» Data block:
■ ■ ■ ■

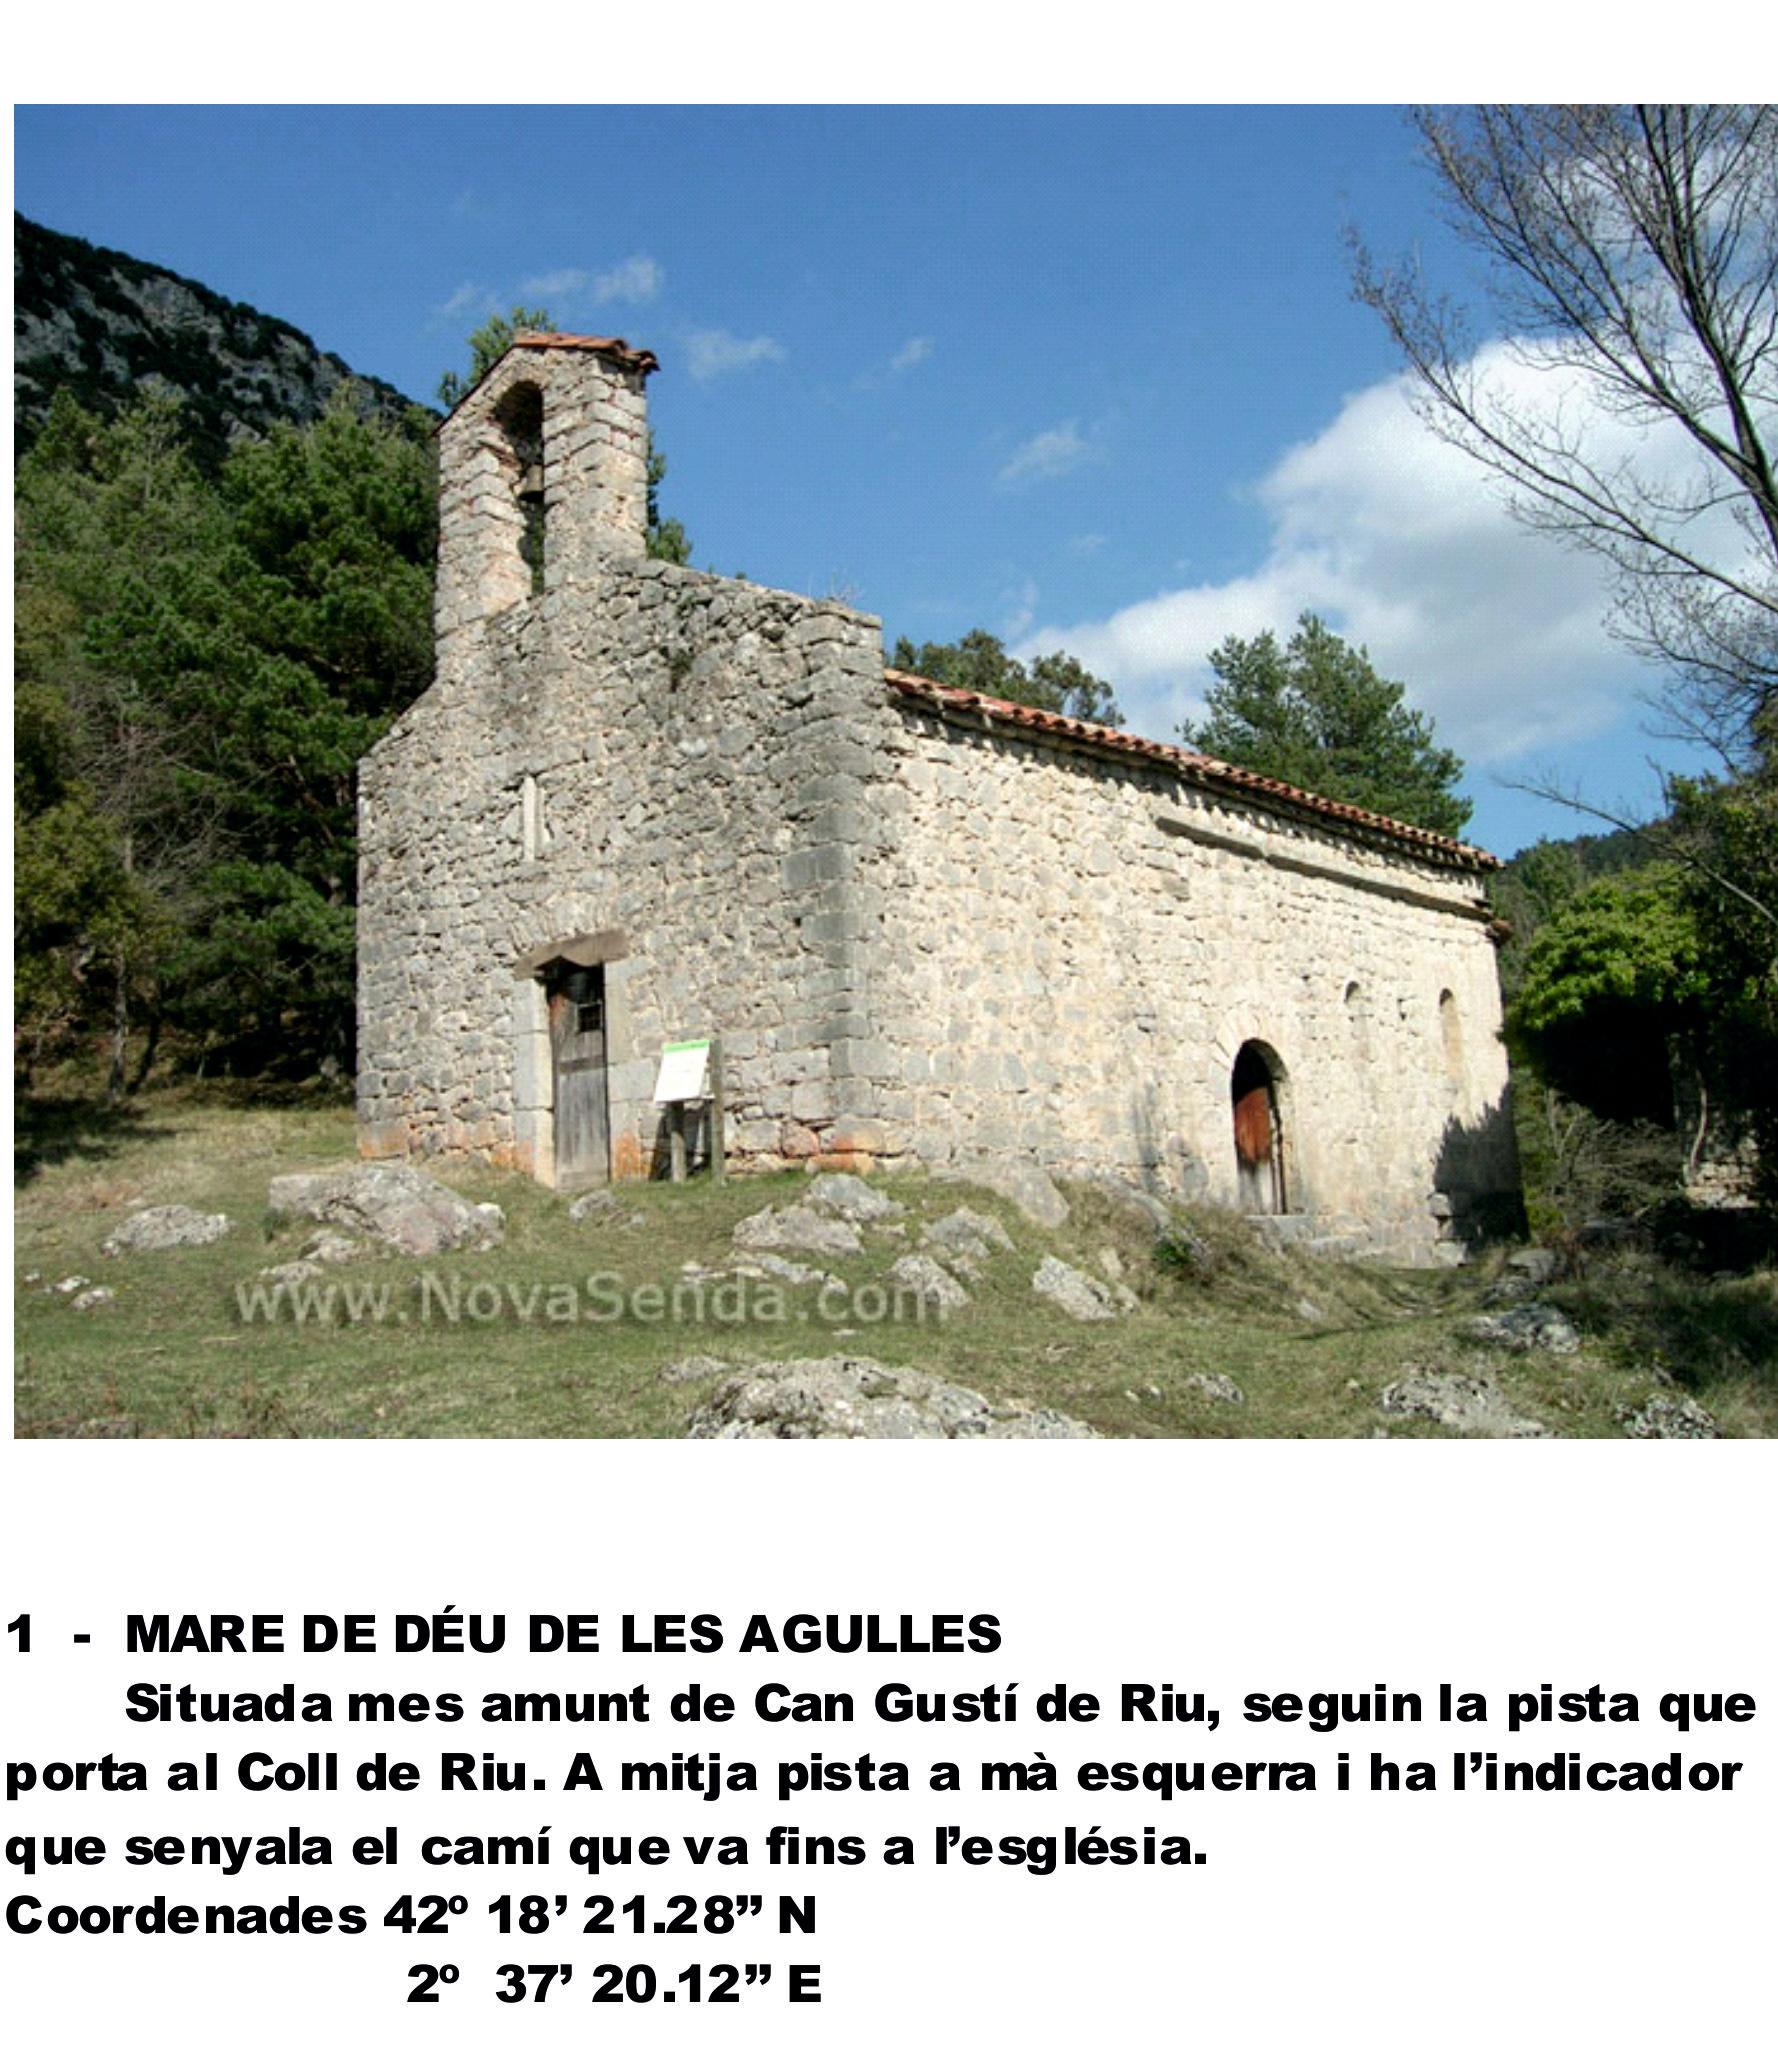 1__-__MARE_DE_DÉU_DE_LES_AGULLES
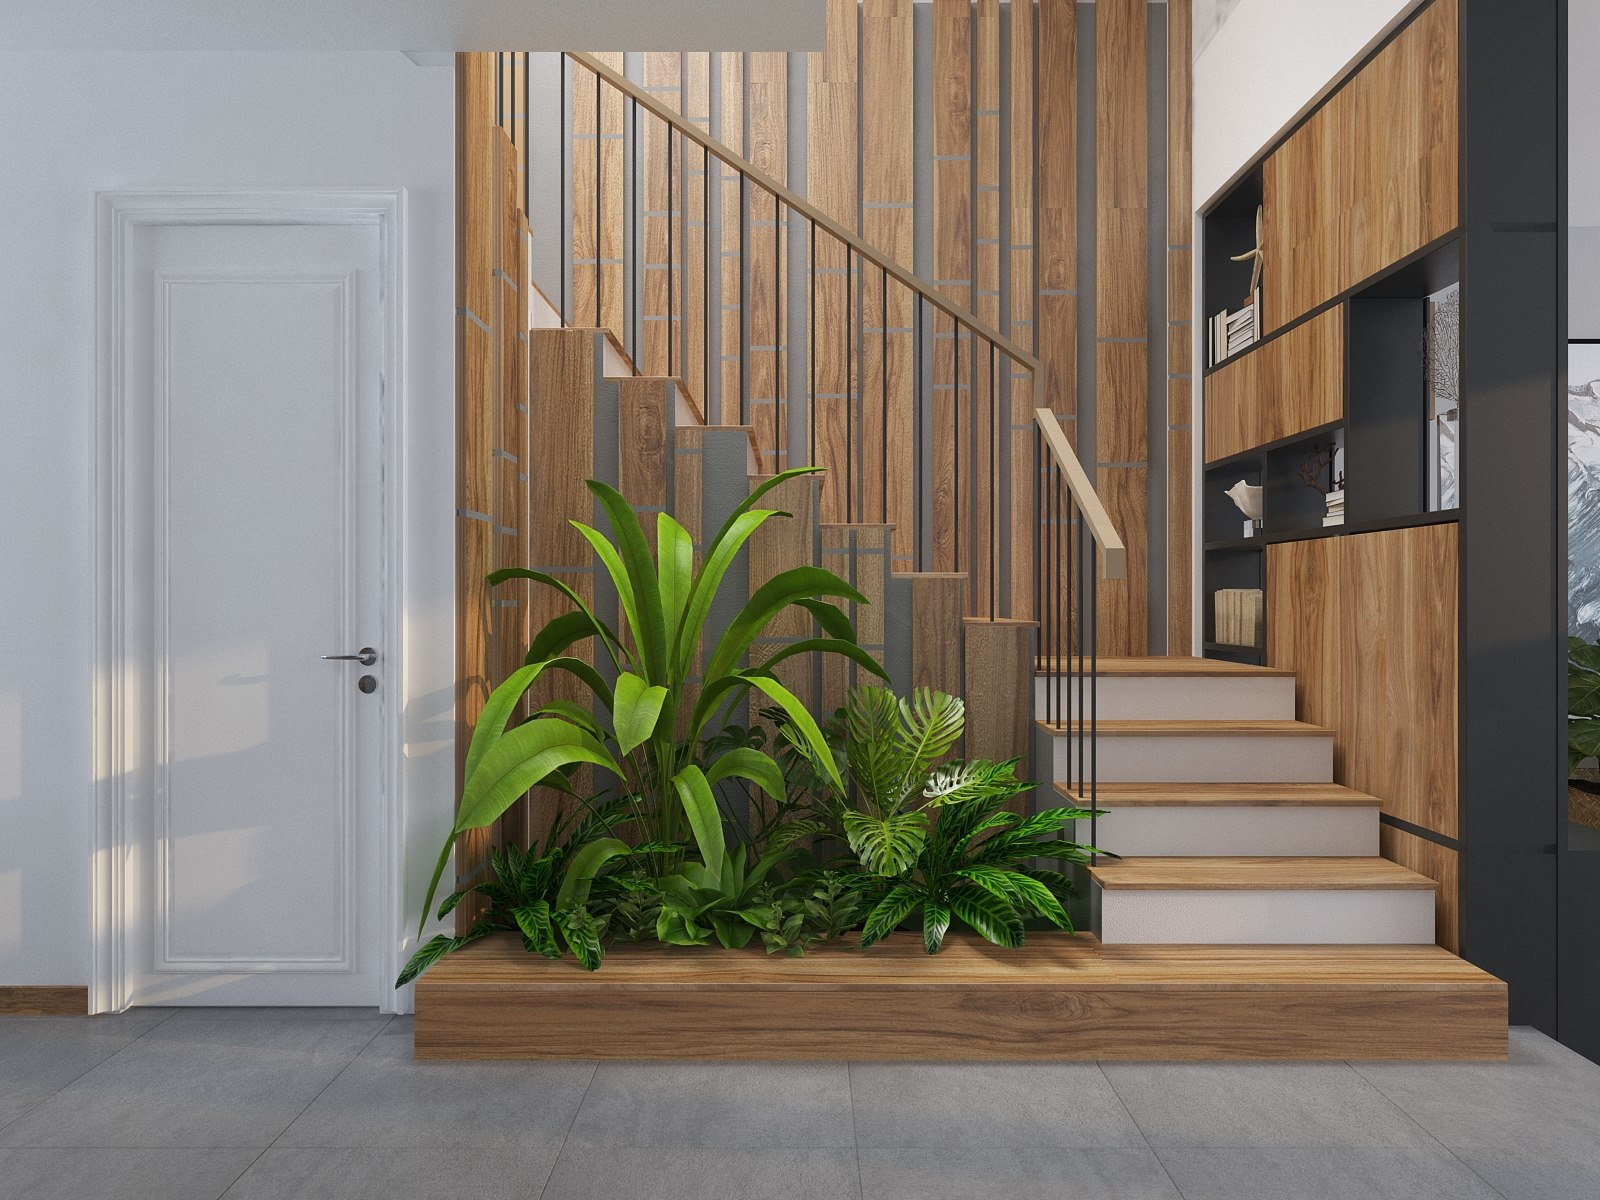 thiết kế nội thất Biệt Thự tại Quảng Bình EURO VILLAGE HOUSE 12 1531705864
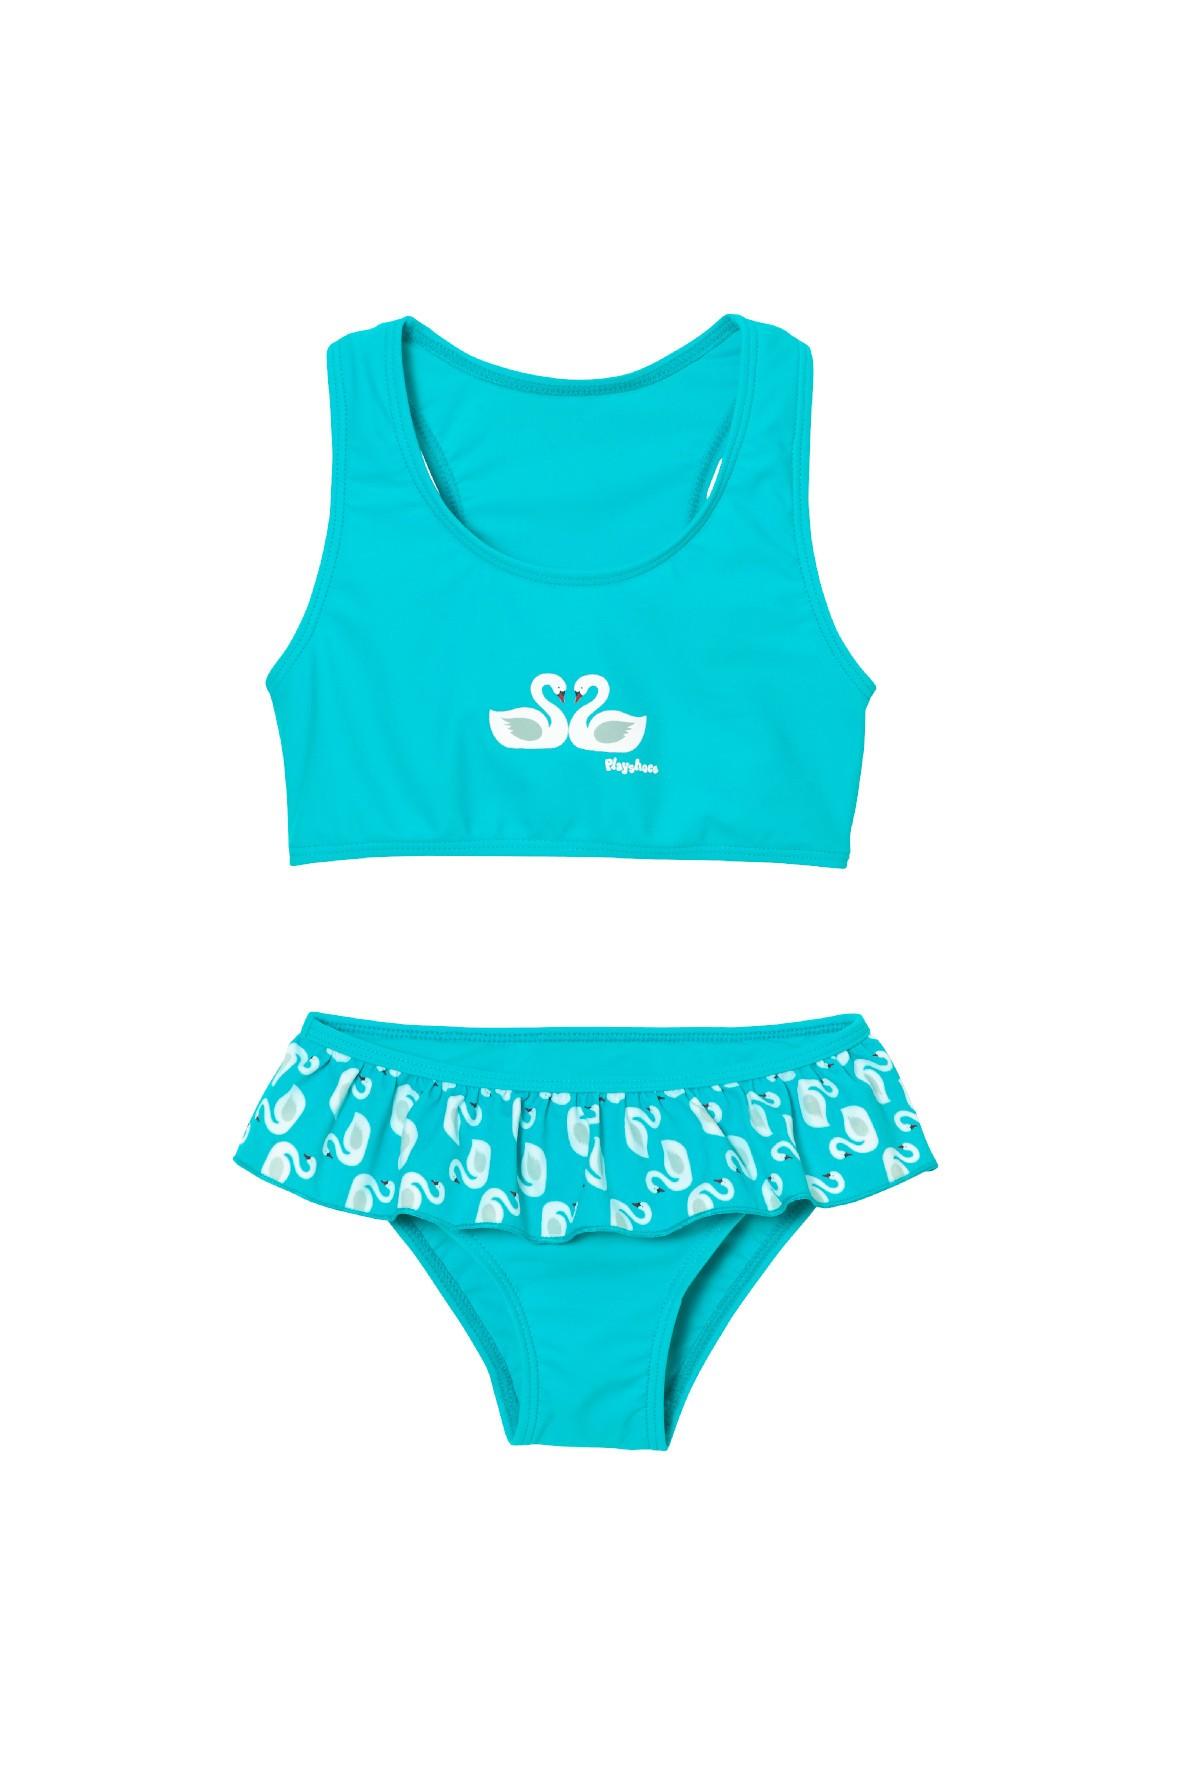 Strój kąpielowy dla dziewczynki z filtrem UV-niebieski

■ ■ ■ ■

Please return each line of the listing exactly as written, excluding the images.

» Answer section:
 1__-__MARE_DE_DÉU_DE_LES_AGULLES
 thiết kế nội thất Biệt Thự tại Quảng Bình EURO VILLAGE HOUSE 12 1531705864
 Strój kąpielowy dla dziewczynki z filtrem UV-niebieski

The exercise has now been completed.